It seems obvious that, given

char *ptr;
ptr = malloc(1000); /* assume malloc() succeeds */

there should be some way to retrieve the allocated size, 1000, from
ptr. After all, the implementation has to know how much memory was
allocated so it can deallocate it when you call free(ptr).

But the C standard provides no such function.

Why not? For one thing, the actual allocated size might be more than
you asked for; for example, malloc(1000) might allocate a block of
1024 bytes. The implementation isn't required to keep track of both
1000 (the amount requested) and 1024 (the amount actually allocated).

Now if the standard had defined such a function, all the implementers
would provide it and I don't think anyone would complain about the
minor burden. But it doesn't, so if you want to know how many bytes
you allocated, you're on your own. You know how many bytes you
requested, so you just need to remember it.

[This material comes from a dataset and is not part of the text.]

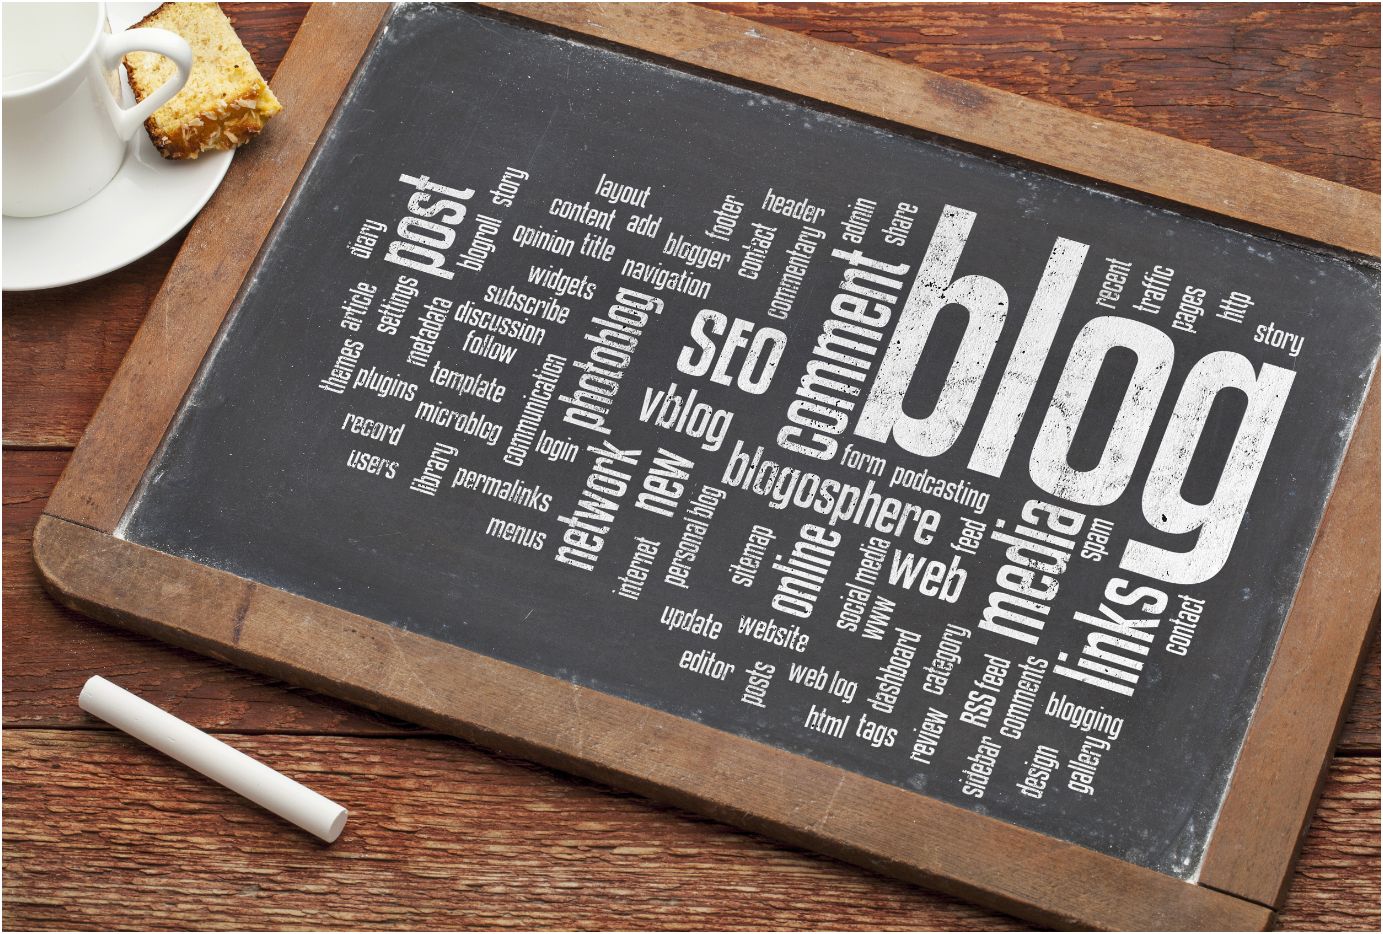 Blogging is an ongoing effort. Photo courtesy Shutterstock.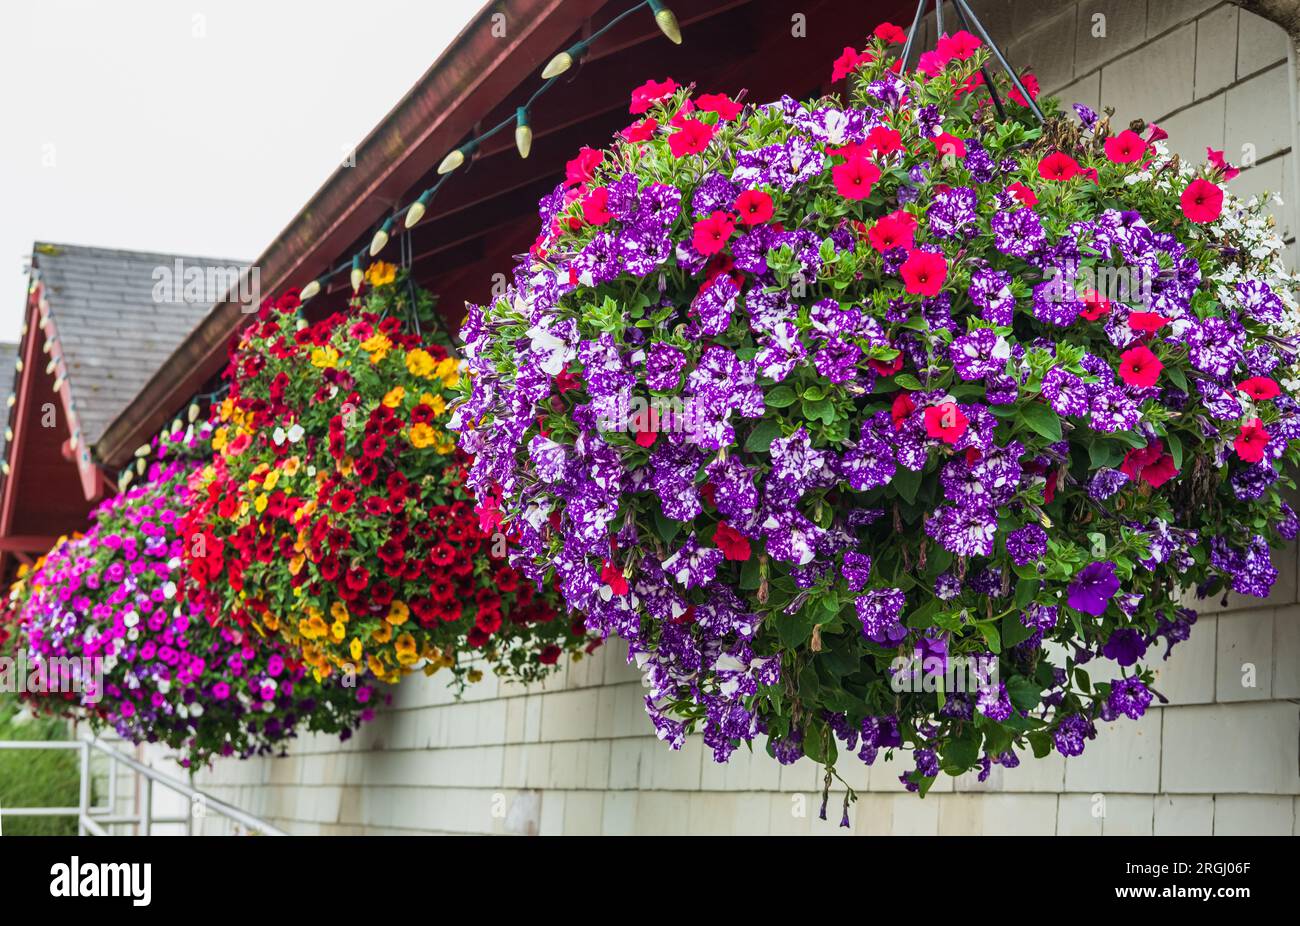 Flowers in hanging basket around the house. Hanging Flower Pots hanging on a wooden wall. Purple and pink petunias in a hanging basket. Pots of bright Stock Photo

Your fwrite() call writes the contents of the variable gv itself to
your file. That means you'll get 3 pointer values written to the
file, which is not a useful thing to do (the pointer values are
meaningless outside the current execution of your program).
Presumably you want to write the data that gv points to. Since gv
contains a pointer-to-double, a pointer-to-pointer-to-int, and a
pointer-to-pointer-to-pointer-to-char, we have no way of knowing what
kind of data structure is out there (arrays, linked lists, whatever).
You'll need to figure out just what data you want to write to the
file, and how you want to represent it so that it can be read back in
later. Anything involving pointers will have to be translated to some
other form.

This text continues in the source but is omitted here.